21 thoughts on “Engine Rebuild 101 – Part 4 – Cylinder Honing

  1. IMHO the bottle-brush hones are more suitable for cylinders that are hardly worn. On the other hand a three stone hone will try to straighten a worn bore. A few years ago I bought a 4×4 that turned out to have been messed with. The timing belt had been fitted incorrectly. The car was not too bad when running light but towing was poor and later the head gasket failed. The pistons were all damaged with valve dents and one was cracked. A Lisle ridge-reamer was used followed by the hone. After the rebuild the engine used no water and hardly any oil (around 2000 miles per pint, possibly less) It is essential to eliminate the ridge when new pistons are being fitted but a bottle brush hone just won't do it. As to bore taper it hardly seems to matter on a fairly low revving turbo diesel.

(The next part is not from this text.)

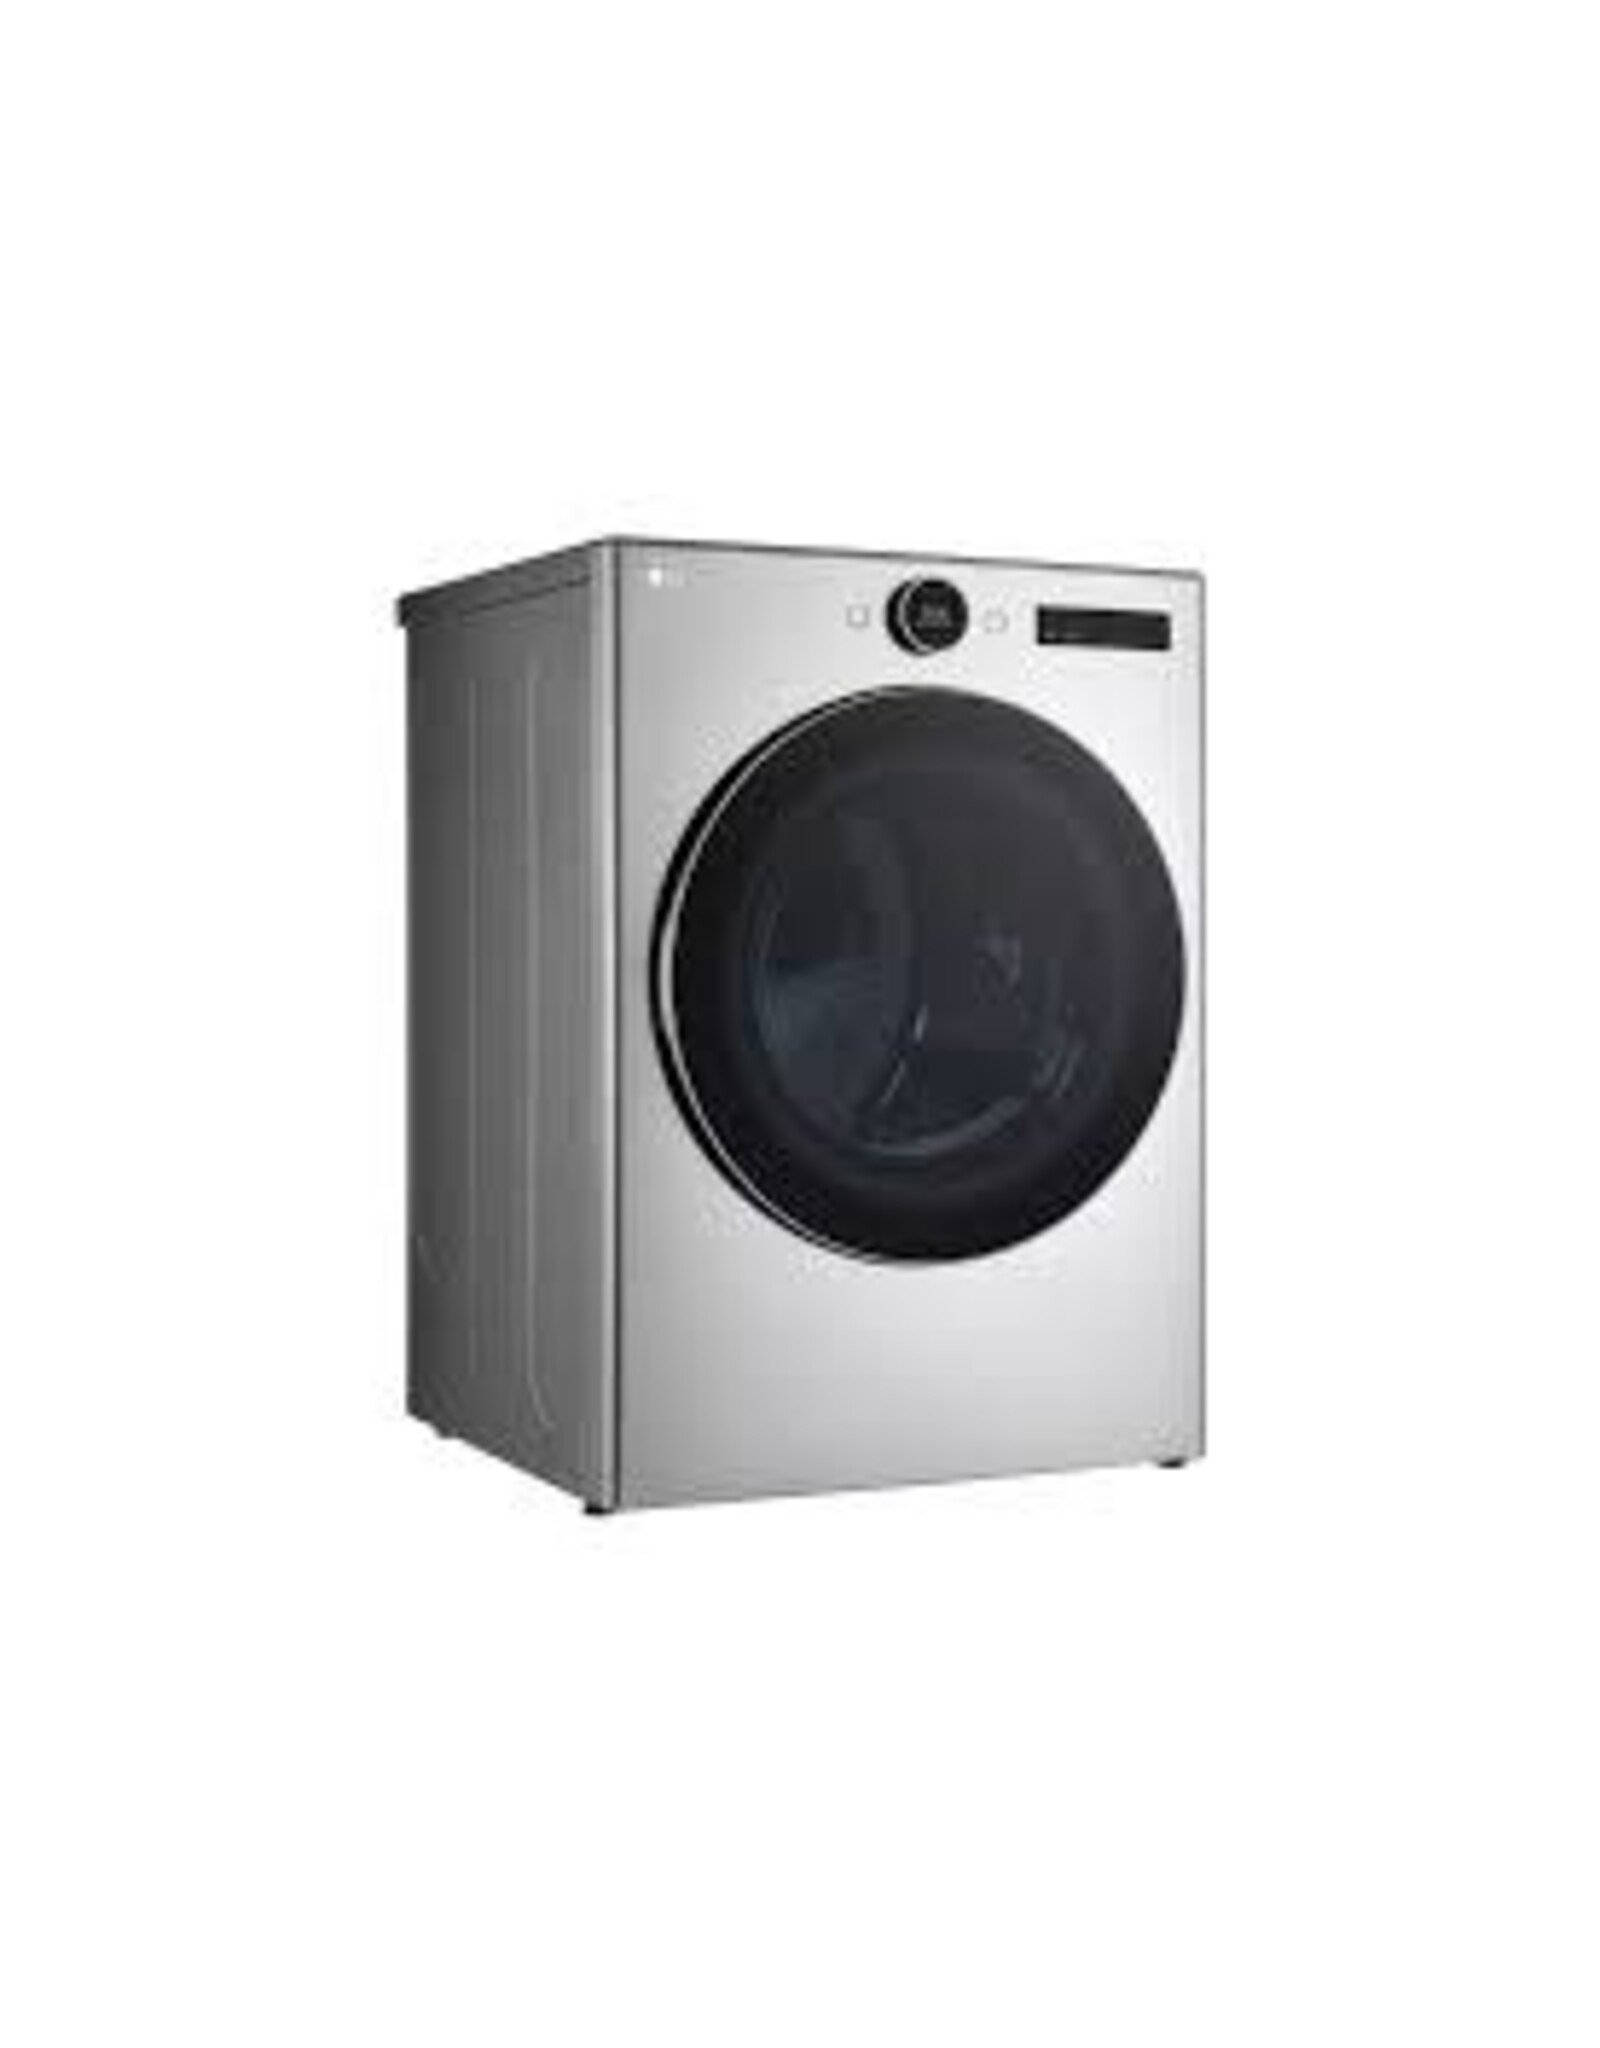 LG Electronics DLEX5500V 7.4 cu.ft. Ultra Large Electric Dryer with Sensor Dry, TurboSteam Technology and WiFi Connectivity in Graphite Steel

    Funny Story A young man bought a bottle brush hone as he was hoping to fit new piston rings to his motorbike. Fortunately a wiser man intervened and advised the biker to go and get his money back as the bike was a two stroke!

  2. The only thing you're doing wrong is responding to all the dumbass "experts" that have never made a video.
    Love your vids, highly entertaining and informative. Thanks!

  3. No criticism intended against you Seeker. Just trying to help the followers of your channel. Of which I am one. (Great channel too by the way.)

    The honing process is not to clean the bore of any pitting or scoring. If you have those problems then your engine needs to be re-bored to an oversize and new pistons and rings of the same oversize need to be fitted.
    Honing is to put a cross-hatched series of marks on the cylinder lining. To do this the honing tool needs to plunged and retrieved so you get a diamond shaped cross hatch effect. Those marks need to be not to deep but quite visible and you should be able to feel them with your fingernail.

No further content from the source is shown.